An advantage of the presented algorithm could be that it automatically segments the pancreas in portal venous phase contrast-enhanced CT data. Since, a portal venous phase scan is performed during almost every CT examination of the abdomen; the algorithm can be utilized on the majority of abdominal CT examinations acquired in the clinical routine. In contrast, multiple-phase CT examinations are only performed in particular situations.

A robust pancreatic segmentation in commonly acquired CT data is necessary to develop CAD systems. In addition, this algorithm can be applied to improve detection rates and segmentation performance of other challenging abdominal structures, especially in case of enlarged retroperitoneal and mesenteric lymph nodes or of the shape and location variable intestine.

Our study faces some limitations.
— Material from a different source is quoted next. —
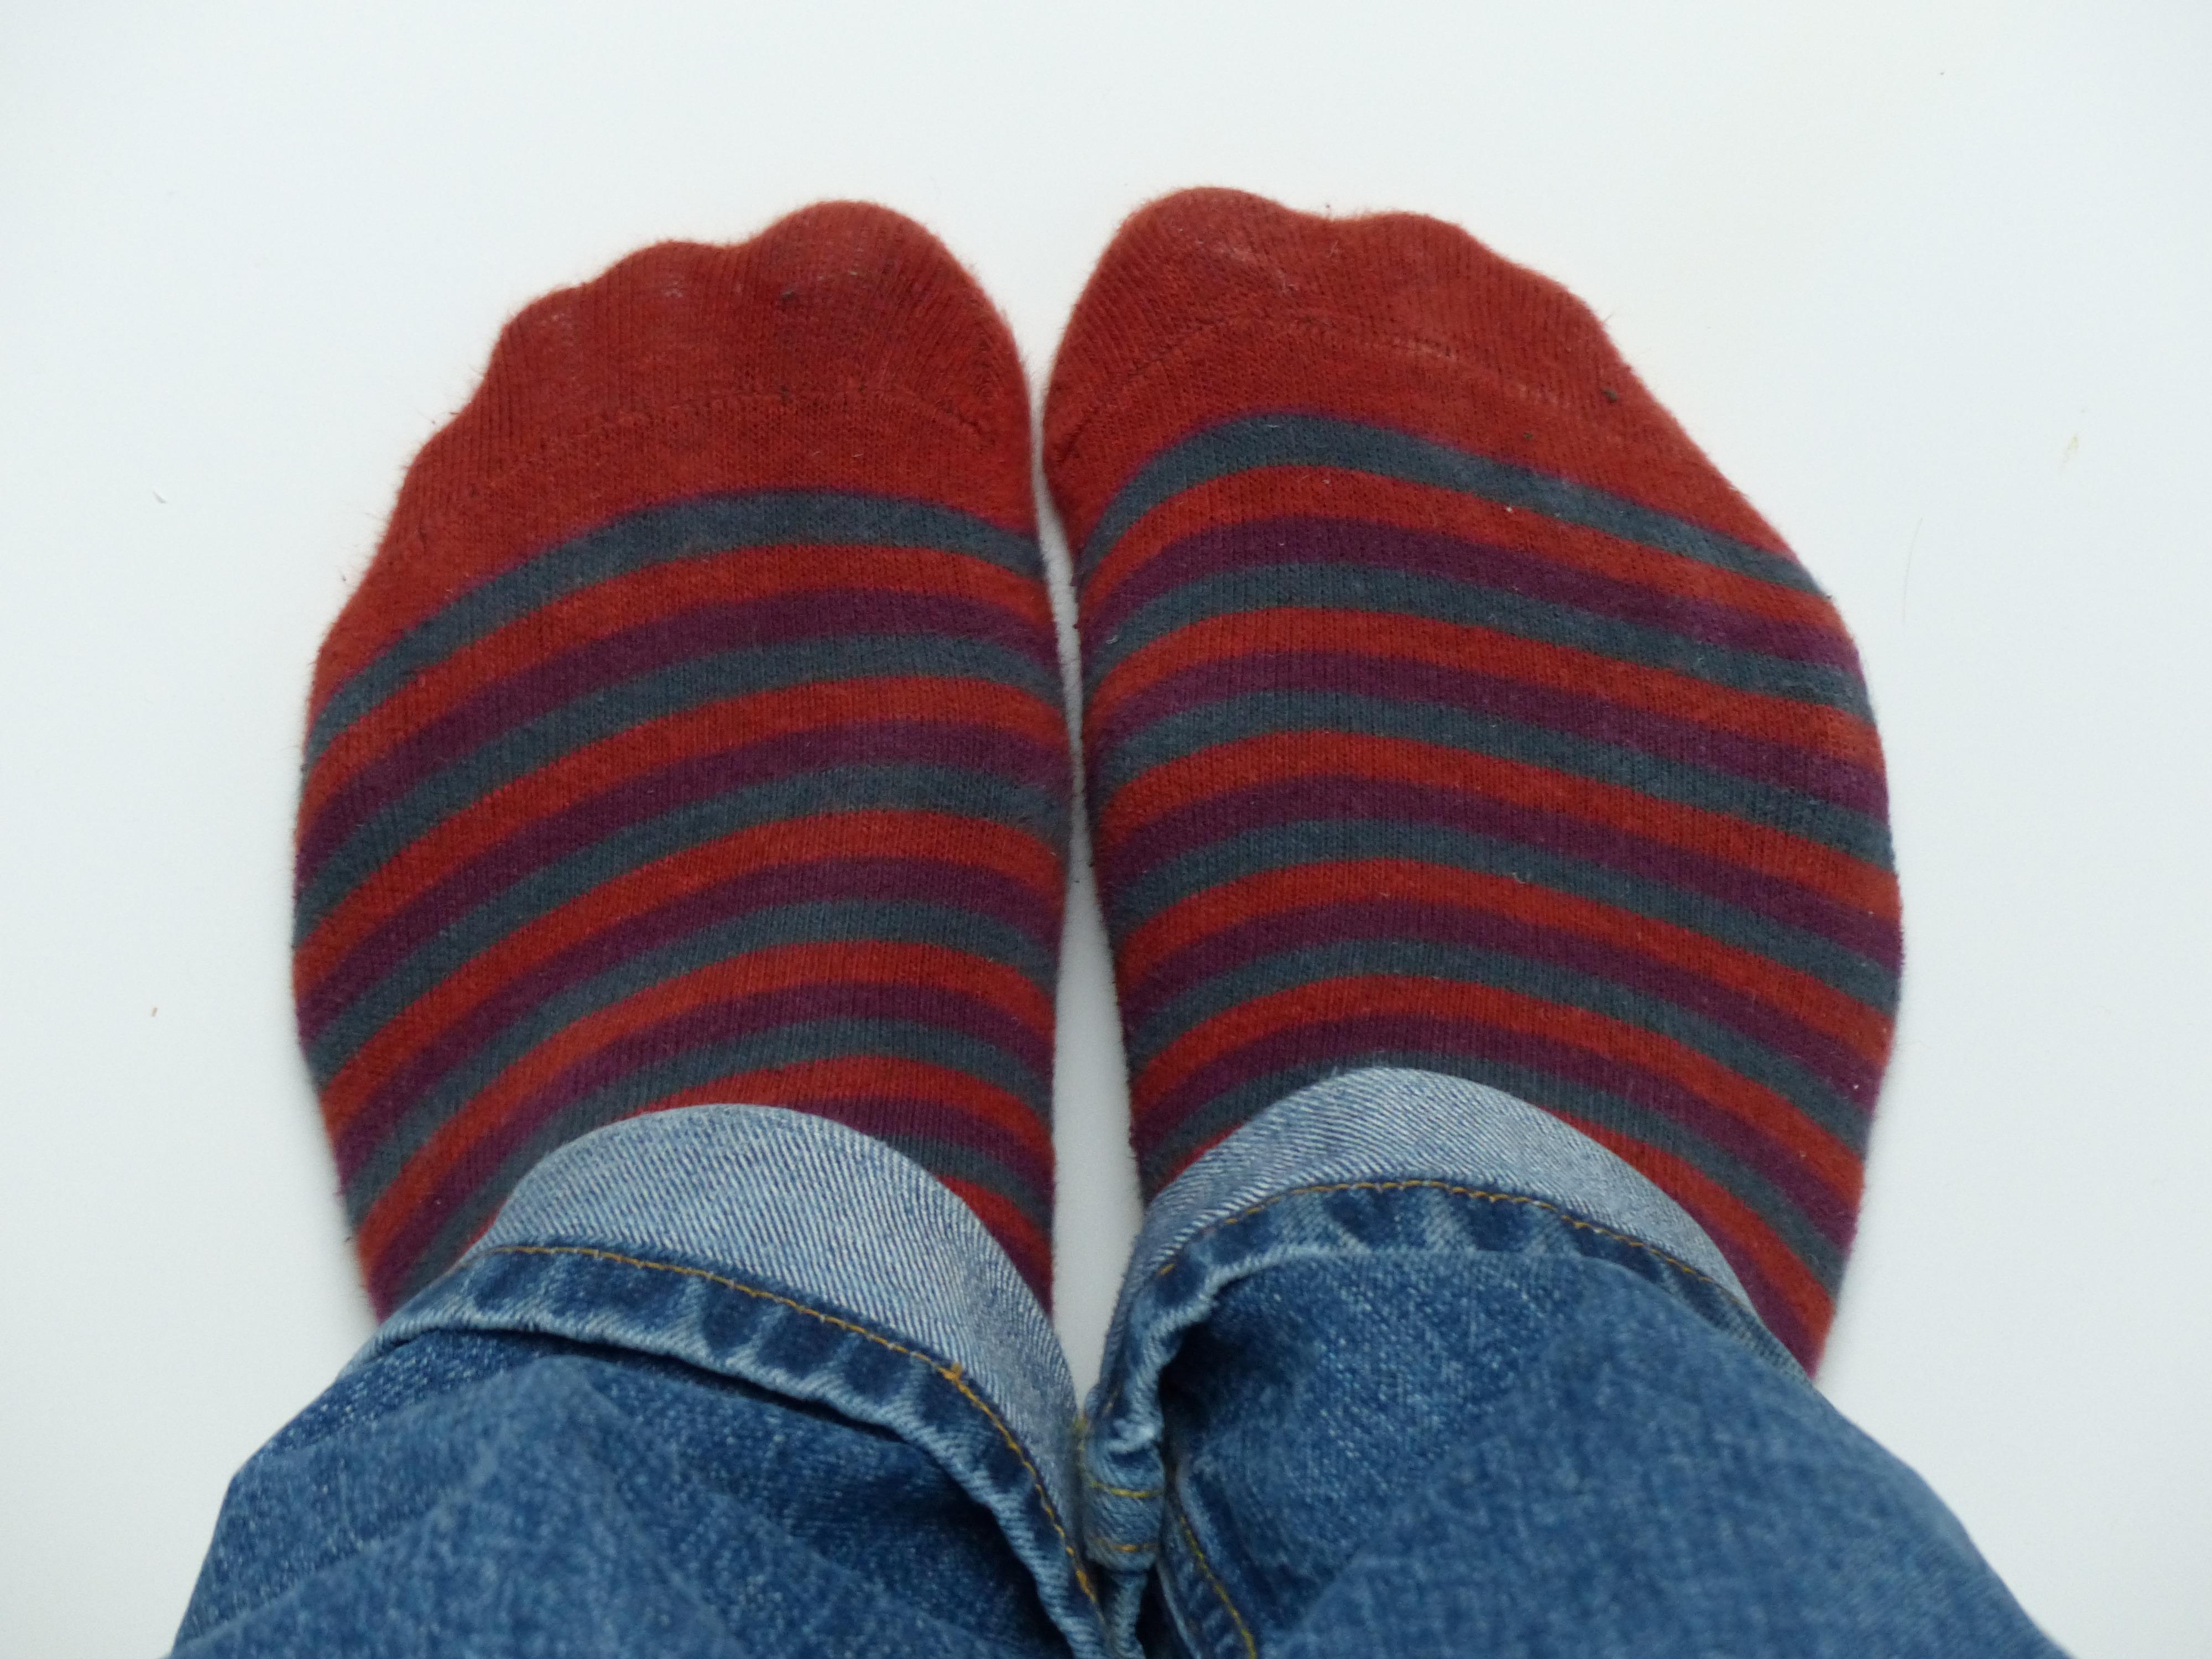 Fotos gratis : zapato, Pies, patrón, pantalones, rojo, ropa de calle ...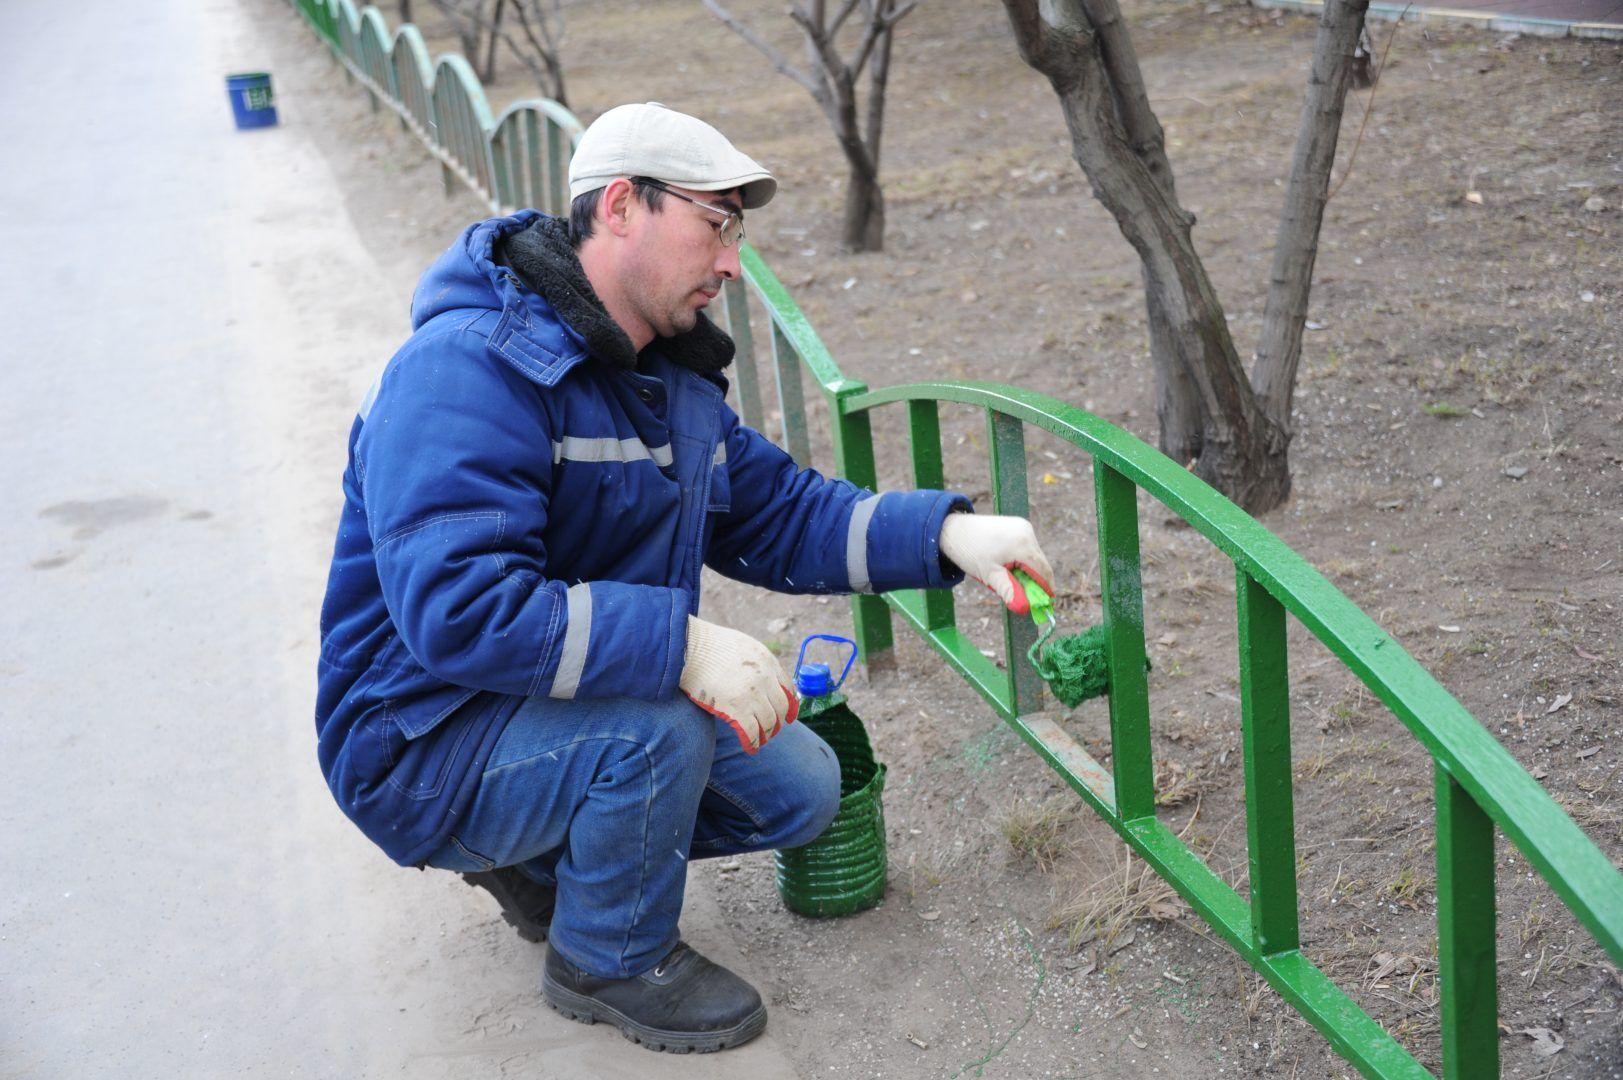 Месячник по благоустройству стартовал в столице. Фото: Светлана Колоскова, «Вечерняя Москва»

The algorithm’s overall computational time is roughly 20 min. This constitutes a challenge to apply this system as a pre-processing step in a clinical setting. Table 3 shows the runtime of the single steps of the proposed segmentation pipeline. The feature computation and classification requires the longest time by far (17.8 of 20.4 min). Additional work is planned to further reduce system’s runtime.

For the evaluation of the algorithm, CT data with nonpathologic pancreases were included. Especially when the pancreas segmentation shall serve as first step in a CAD system for pathologic changes, the algorithm should also be evaluated on CT data with pancreases showing pathologic changes such as cancer or an inflamed area. However, none of the other proposed approaches included CT data showing pathologic changes.

Conclusions and Outlook

A method for the automatic segmentation of the pancreas in portal venous phase contrast-enhanced CT images was presented. The method consists of several steps that incorporate shape as well as texture characteristics of the pancreas and its surrounding structures in order to deal with the often low contrasted appearance of the pancreas in CT images. Cross validation on 40 CT data of consecutive patients showed an average surface distance of 1.7 mm and an average overlap of 61.2 %. Pancreatic segmentation in commonly acquired portal-venous phase CT images is crucial for the development of CAD systems and facilitates an organ specific decision support. Further work needs to be done to reduce the computational time and the algorithm should be applied to CT data showing pathologic changes.